Yes for an average workload, 4 SMT threads are slower than 2 full
cores.  

> 
> > Would another possibility be changing capacity a scaled value (like
> > cpu_power is now) rather than a small integer as it is now.  For
> > example, a scaled capacity of 1024 would be equivalent to a capacity of
> > 1 now.  This might enable us to handle partial capacities better?  We'd
> > probably have to scale a bunch of nr_running too.  
> 
> Right, so my proposal was to scale down the capacity divider (currently
> 1024) to whatever would be the base capacity for that cpu. Trouble seems
> to be that that makes group capacity a lot more complex, as you would
> end up needing to average all the cpu's their base capacity.
> 
> Hrmm, my brain seems muddled but I might have another solution, let me
> ponder this for a bit..

Great!

Mikey
Peter Zijlstra - April 19, 2010, 2:49 p.m.
On Mon, 2010-04-19 at 07:34 +1000, Michael Neuling wrote:
> > Are there any numbers available on how much they gain?
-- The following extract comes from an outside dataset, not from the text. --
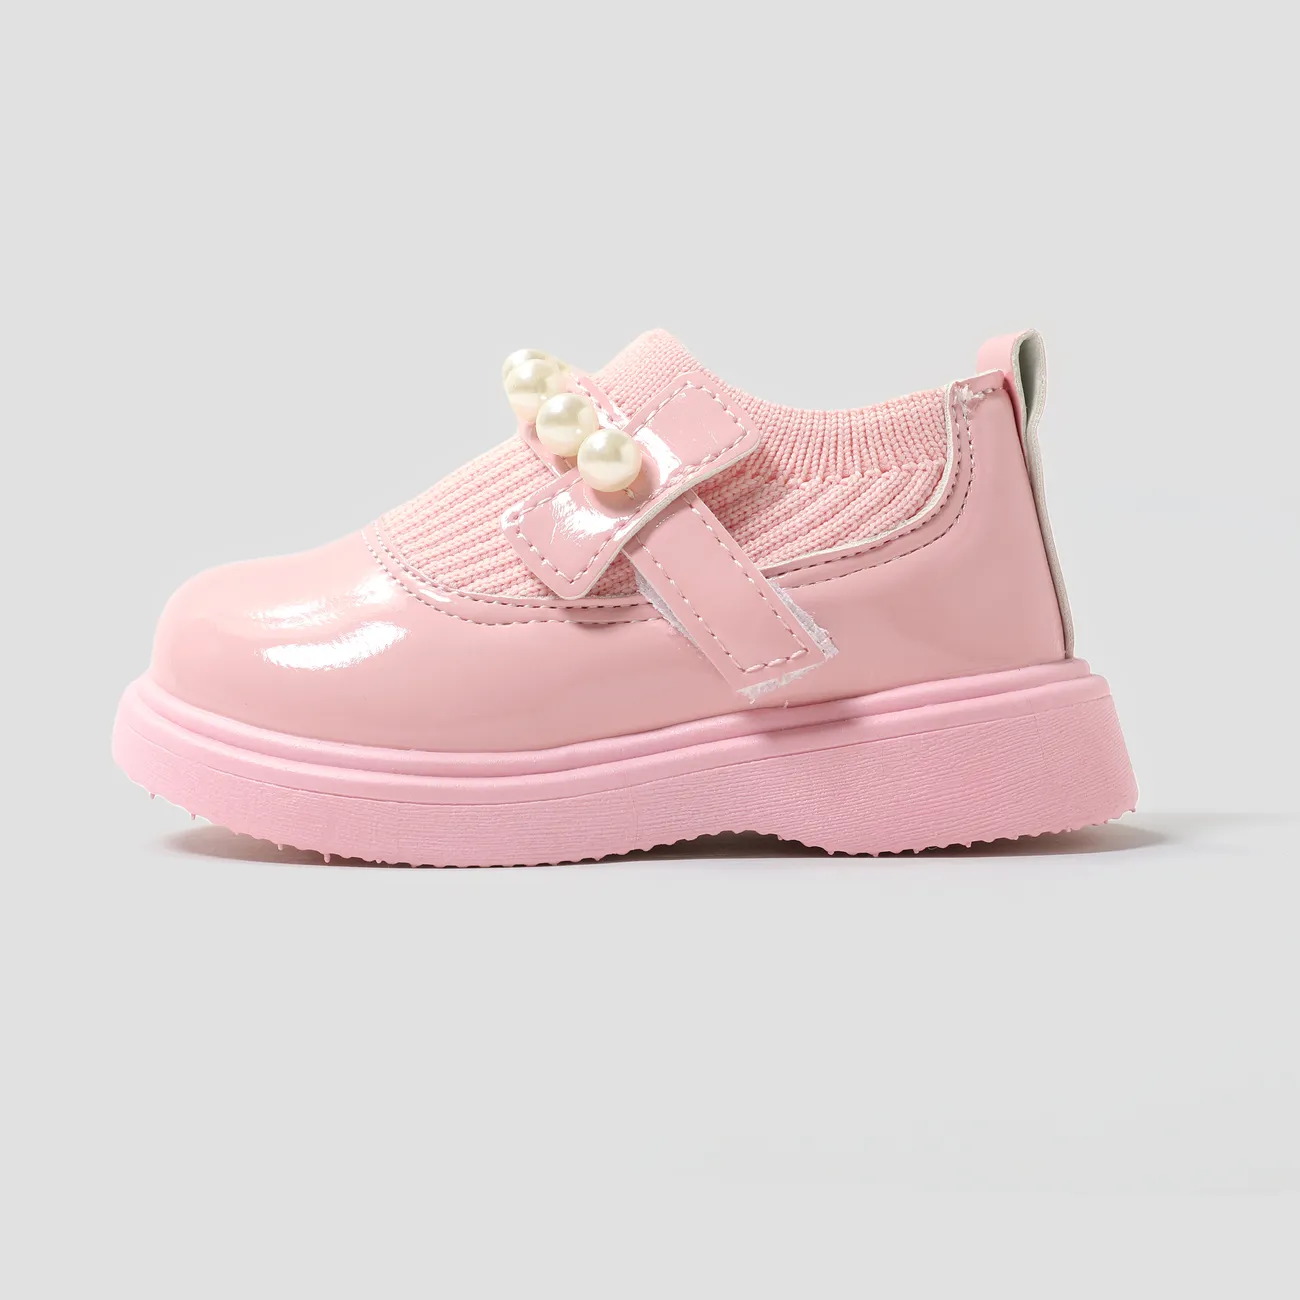 Toddler/Kids Girl Casual Velcro Pearl Leather Shoes Pink big image 1

It might be worth
> > to stick in real numbers instead of this alleged 15%.
> 
> I get some gain numbers but obviously the workloads makes a huge
> difference.  From a scheduler perspective, I assume an
> average/representative gain is best rather than an optimistic or
> pessimistic one?

Yeah, average would be best.

> We'll have different gains for SMT2 and SMT4, so we could change the
> gain dynamically based on which SMT mode we are in.  Does that seem like
> something we should add as an arch hook?  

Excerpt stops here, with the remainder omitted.